Pour mieux comprendre les nouveaux défis liés aux effets de la chaleur sur les pertes de main-d'œuvre, les scientifiques ont indiqué que des recherches supplémentaires devaient être menées.

« Bien que l’exposition à la chaleur humide et ses impacts sur la productivité des travailleurs soient importants, nos connaissances sur la manière dont les travailleurs, dans des lieux et des situations spécifiques, réagissent à l’exposition à la chaleur sont limitées », a déclaré M. Parsons.
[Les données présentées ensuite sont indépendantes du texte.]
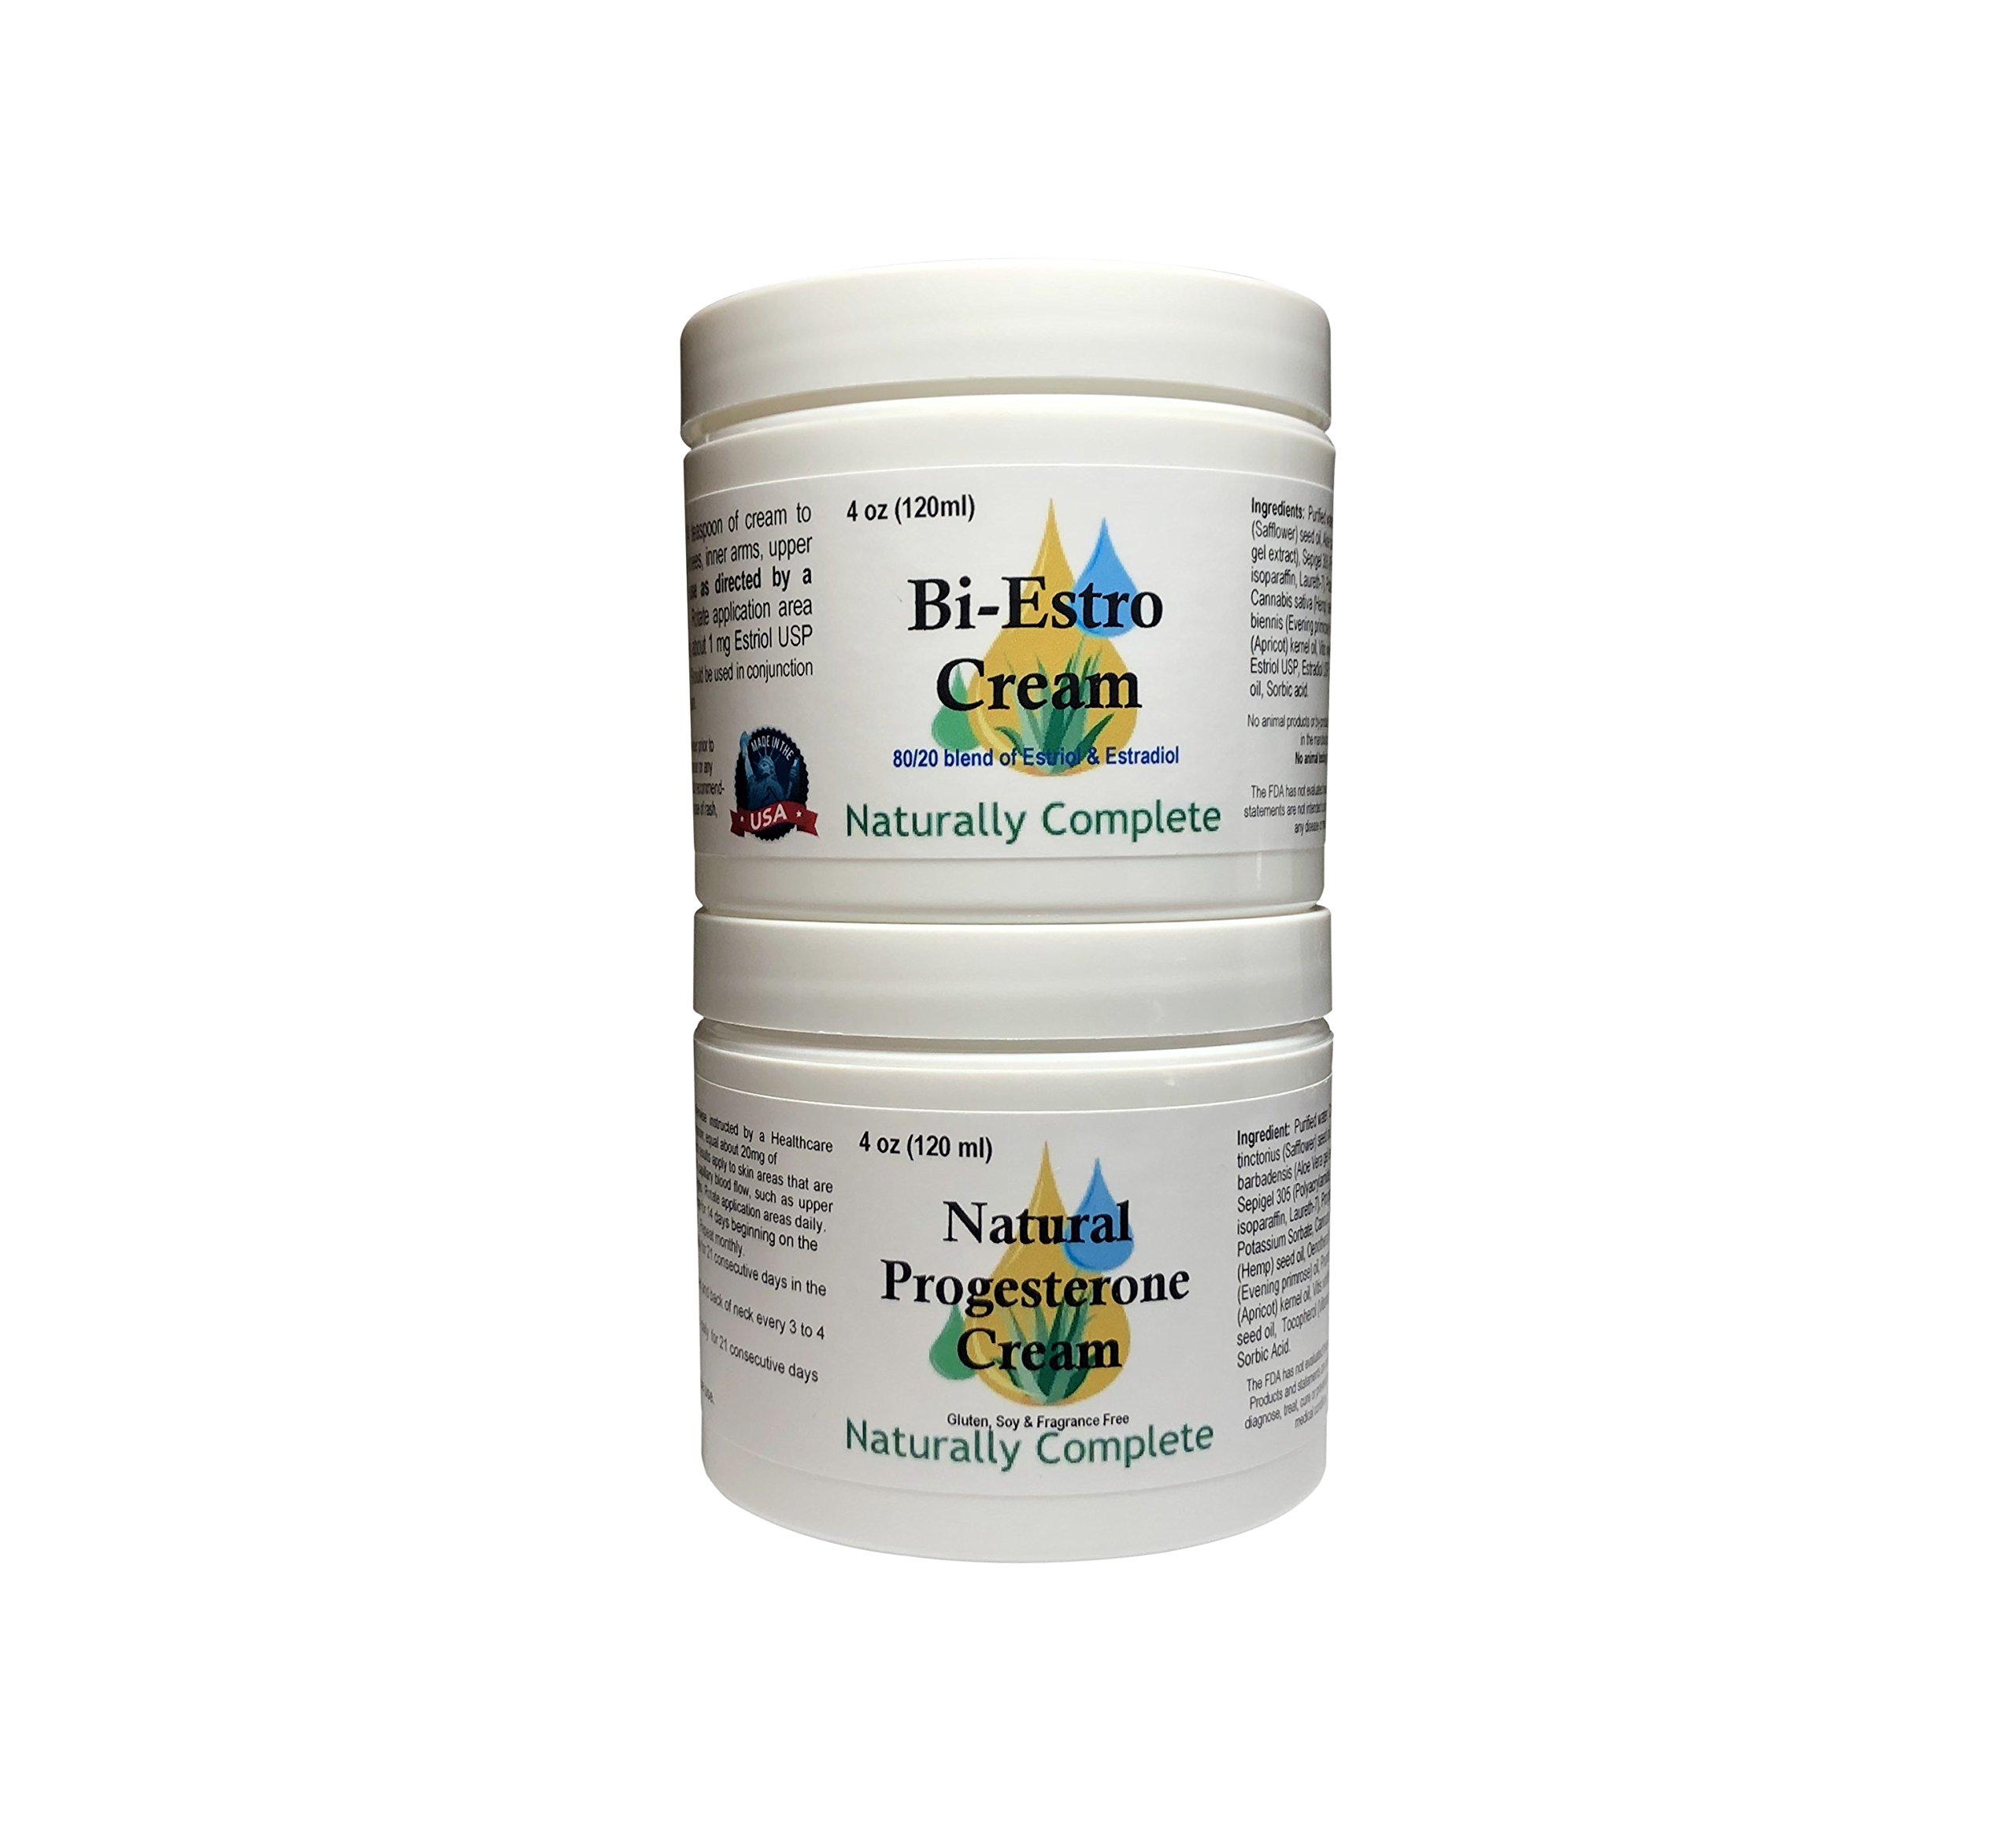 Naturally Complete Bi-Estro Pack | 1 Bi-Estro 4 oz Jar and 1 Progesterone 4 oz Jar | 2 Natural Menopause Products in One

Le chercheur de l’université Duke a également souligné que les données actuelles utilisées par de nombreux chercheurs « s’appuient sur des études antérieures menées auprès de travailleurs agricoles et de mineurs, qui mesuraient la perte de productivité lorsque les travailleurs étaient exposés à différents niveaux de chaleur et d’humidité ».

« L’ampleur et la répartition des effets de la chaleur humide sur la perte de main-d’œuvre indiquent des risques importants pour la résilience et le bien-être des travailleurs en extérieur, ainsi que pour les familles qui dépendent de ces travailleurs pour leur subsistance », ont conclu les scientifiques. « La capacité des travailleurs à gagner leur vie dans des environnements de travail sûrs est importante pour lutter contre la pauvreté mondiale, renforcer la résilience climatique des ménages et favoriser le développement économique national. »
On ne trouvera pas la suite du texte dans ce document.